While the region has a long coastline, international tourism is not at the level of the neighbouring Antalya Province. There are a small number of hotels between Erdemli and Anamur that attracts tourists. Cilicia tourism is mostly cottage tourism serving the Cilicia locals as well as residents of Kayseri, Gaziantep and surrounding areas. Between Silifke and Mersin, high-rise and low-rise cottages line the coast, leaving almost no vacant land. The coastline from Mersin to Karataş is mostly farmland. This area is zoned for resort tourism and is expected to have a rapid development within the next 20 years. Karataş and Yumurtalık coasts are home to cottages with a bird conservatory between the two areas. Arsuz is a seaside resort that is mostly frequented by Antakya and İskenderun residents.

Plateaus on the Taurus mountains are cooler escapes for the locals who wants to chill out from hot and humid summers of the lower plains. Gözne and Çamlıyayla (Namrun) in Mersin Province, Tekir, Bürücek and Kızıldağ in Adana Province, Zorkun in Osmaniye Province and Soğukoluk in Hatay Province are the popular high plain resorts of Cilicia which are often crowded in summer. There are a few hotels and camping sites in the Tekir plateau.

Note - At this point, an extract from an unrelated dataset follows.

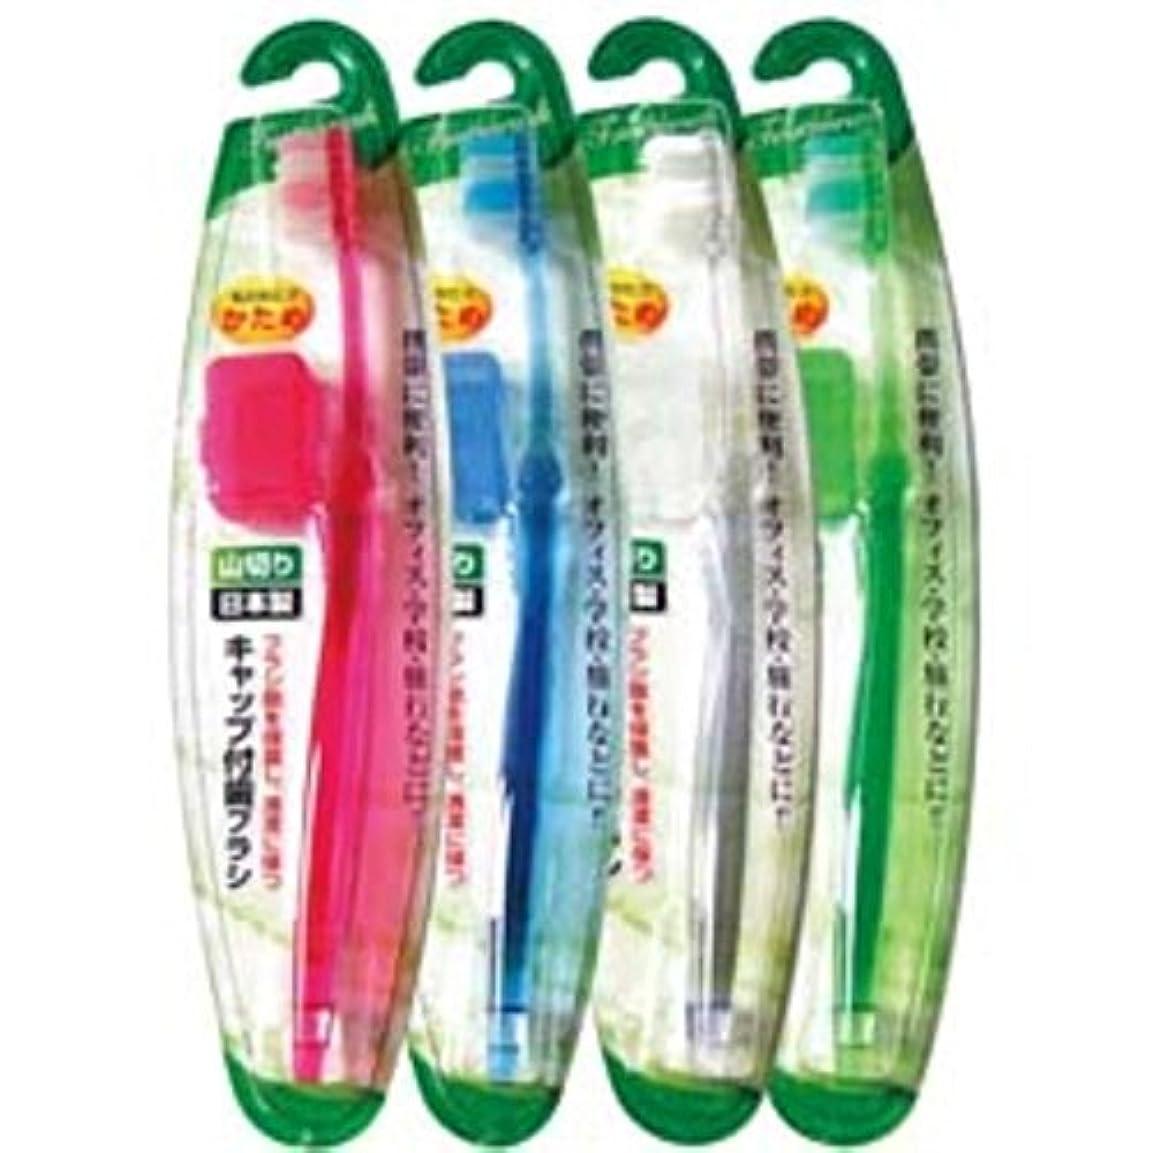 本部フライカイト庭園キャップ付歯ブラシ山切りカット(かため)日本製 japan 【まとめ買い12個セット】 41-210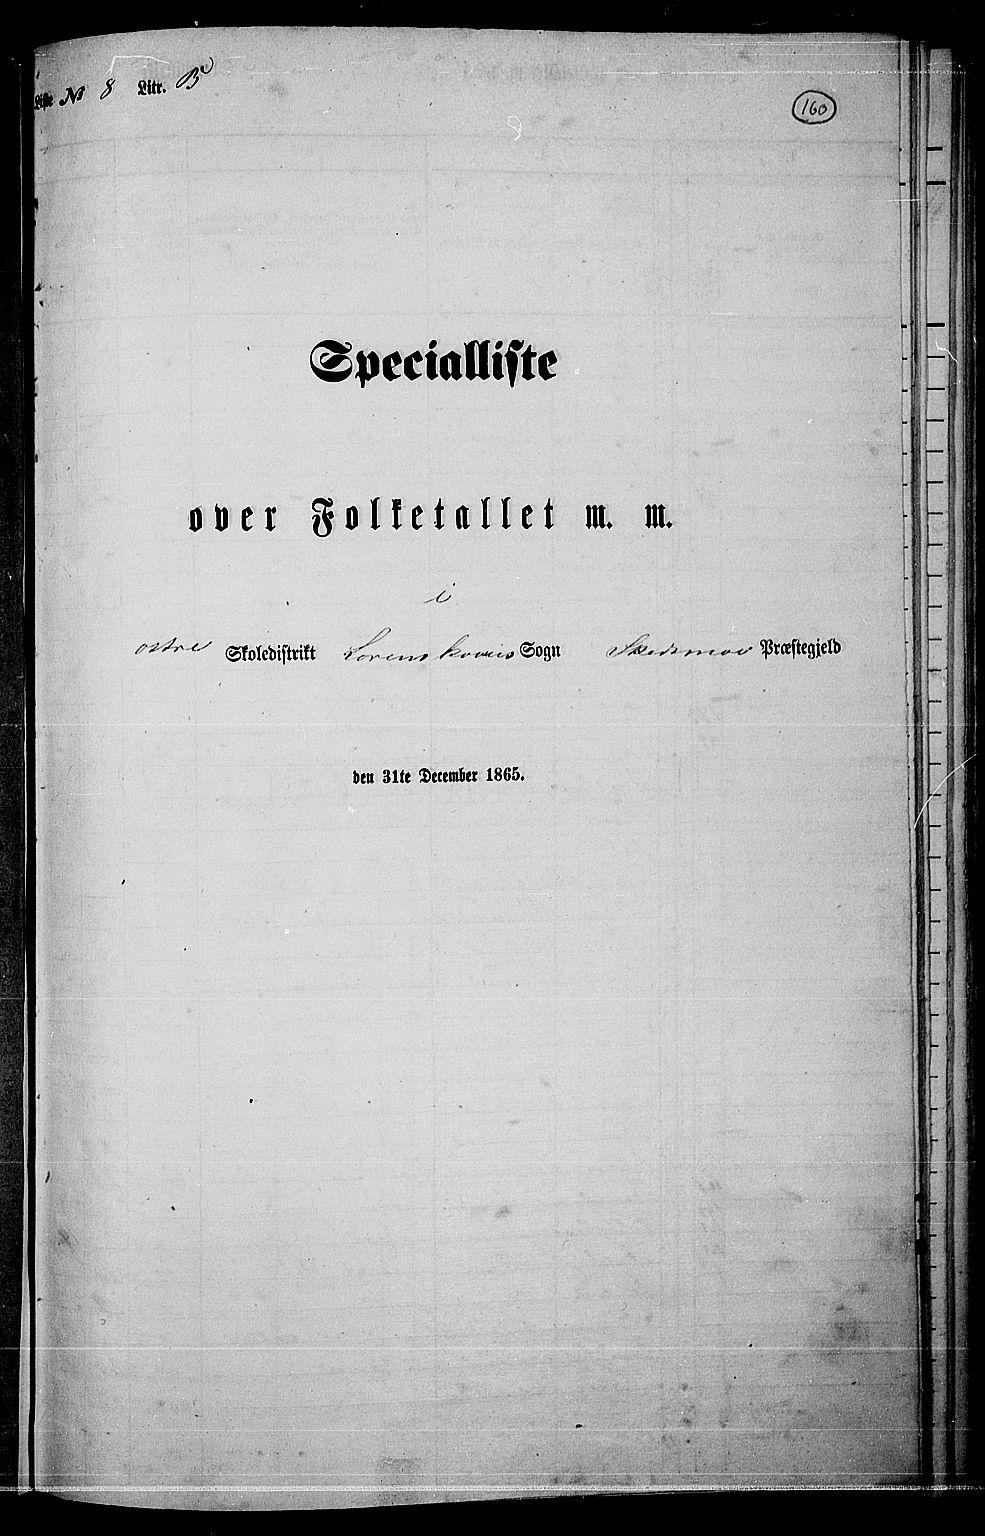 RA, Folketelling 1865 for 0231P Skedsmo prestegjeld, 1865, s. 143

==== Balneary tourism ====
The region is a popular destination for thermal springs. Hamamat Thermal Spring, located on midway from Kırıkhan to Reyhanlı, has a very high sulphur ratio, making it the second in the world after a thermal spring in India. It is the largest spa in the region and attracts many Syrians due to proximity. Haruniye Thermal Spring is located on the banks of the Ceyhan River near Düziçi town and has a serene environment. Thermal springs are a hot spot for people with rheumatism. Kurttepe, Alihocalı and Ilıca mineral springs, all located in Adana Province, are popular for toxic cleansing. Ottoman Palace Thermal Resort & Spa in Antakya is one of Turkey's top resorts for revitalization.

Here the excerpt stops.